According to the Construction Industry Training Board (CITB), it has released its most comprehensive study conducted on mental health and self-harm within construction, which addresses opportunities the industry can take to tackle workers’ poor mental health.
The CITB’s Mental Health And Construction: A Consistent Approach (published on 4 August), backed by the Construction Leadership Council (CLC), explains that the risk of suicide among some site-based workers is three times the national average.
Moreover, a May 2020 report from the Chartered Institute of Building (CIOB) entitled: ‘Understanding Mental Health in the Built Environment’ found that 26% of construction workers who responded to their survey had experienced suicidal thoughts, with 97% experiencing stress over the past year.
While the new research highlights a growing number of good initiatives within the industry, their impact is currently held back by the lack of a coherent aim and message, making developing a joined-up approach more urgent to tackle the issue.
Industry culture such as working away from home, heavy workloads and job insecurity, coupled with a lack of understanding for mental health, can exacerbate the problem.
While many employers do provide mental health and wellbeing support programmes to workers in their supply chains, these workers are often not aware that they can access the resources from their principal contractor.
Therefore, the CLC is uniting the industry to agree a plan to seek and tackle the underlying causes of poor mental health, generate better evidence of what impact the initiatives are achieving and develop a more joined up approach.
Meanwhile, the CITB has invested in programmes aimed at helping industry develop skills, behaviours and ways of working that will make it a safer, healthier place to work.

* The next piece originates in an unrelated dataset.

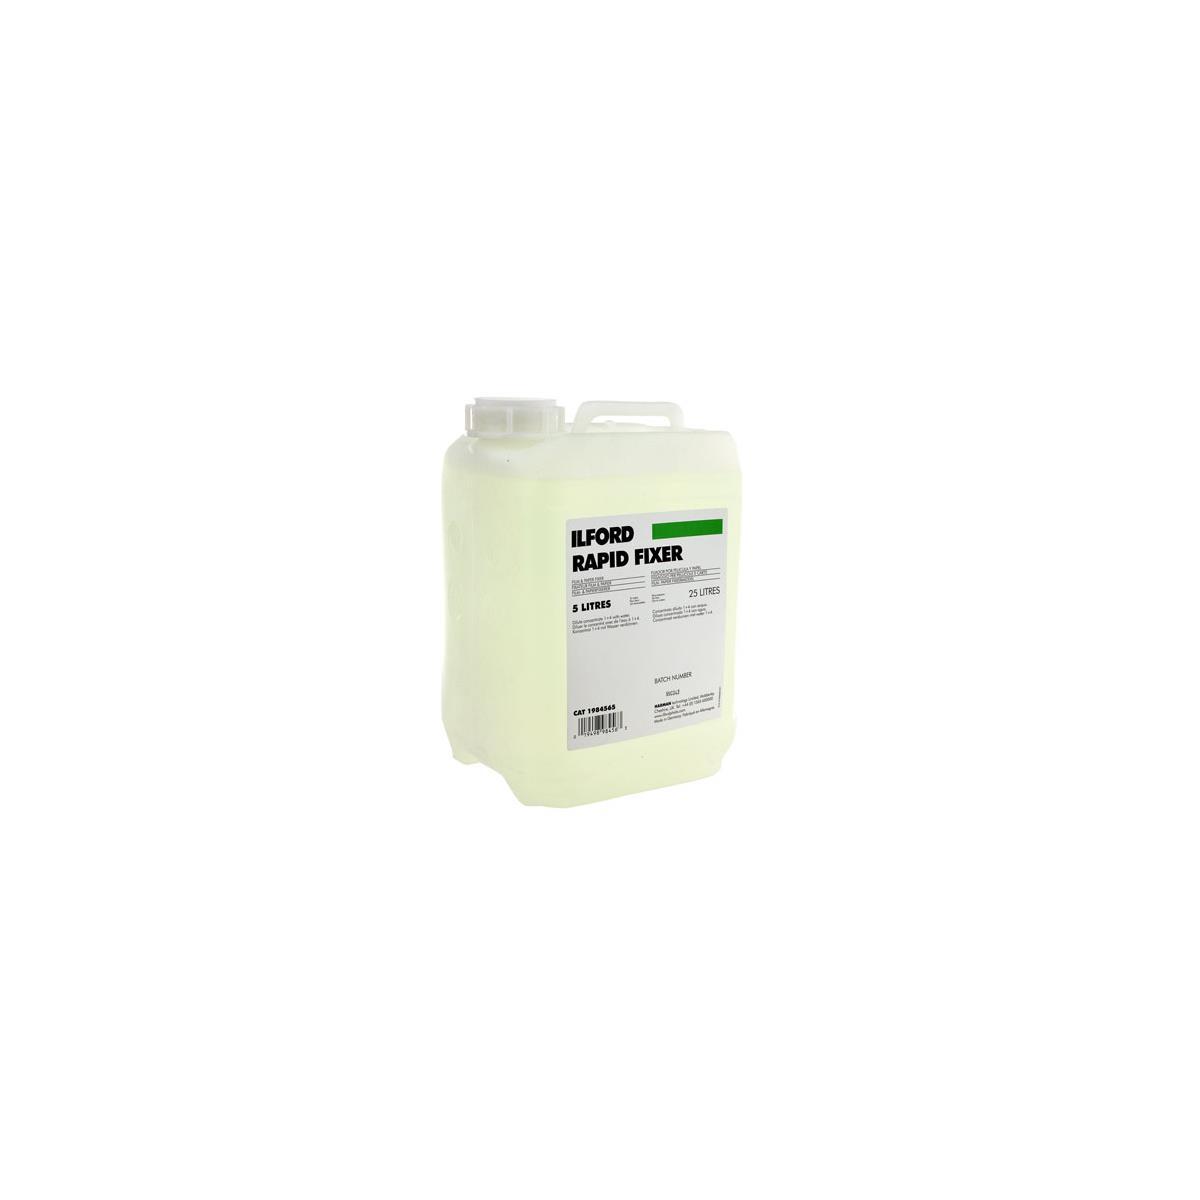 Ilford 1984565 Rapid Fixer Liquid 5Liter

Since June 2018, it has funded over 29,000 mental health courses.
The Board’s funding through the Building Mental Health initiative, the Lighthouse Construction Industry Charity and Mental Health First Aid England has helped train over 260 Mental Health First Aid Instructors.
Steve Radley, policy director at the CITB, said: “The pandemic has shone an even brighter light on the need to tackle mental health across society. Construction faces greater challenges than most other industries, but employers are demonstrating their awareness of the need to tackle it. The Building Mental Health programme beat its targets to train mental health first aiders by more than 40%.
“As well as supporting construction workers, tackling mental health will help employers to retain more of them and get the best from them at a time when more firms are reporting skill shortages. We need strong industry leadership on this and it’s great to see CLC picking up the baton.”
Alasdair Reisner, chief executive of the Civil Engineering Contractors Association, who leads the CLC workplace culture workstream, added: “The CLC is acutely aware of the mental health and wellbeing challenges faced by industry. Progress towards improving the situation has been frustratingly slow in recent years and there is no doubt that some of the statistics relating to mental health and construction are not good enough.
“Encouragingly, this report from the CITB includes good examples of best practice from which the whole sector can be inspired. The CLC will provide the shared vision and goals that industry has called for. We will do our utmost to accelerate improvements across the sector, particularly for SMEs, and look forward to collaborating with stakeholders on this crucial construction priority.”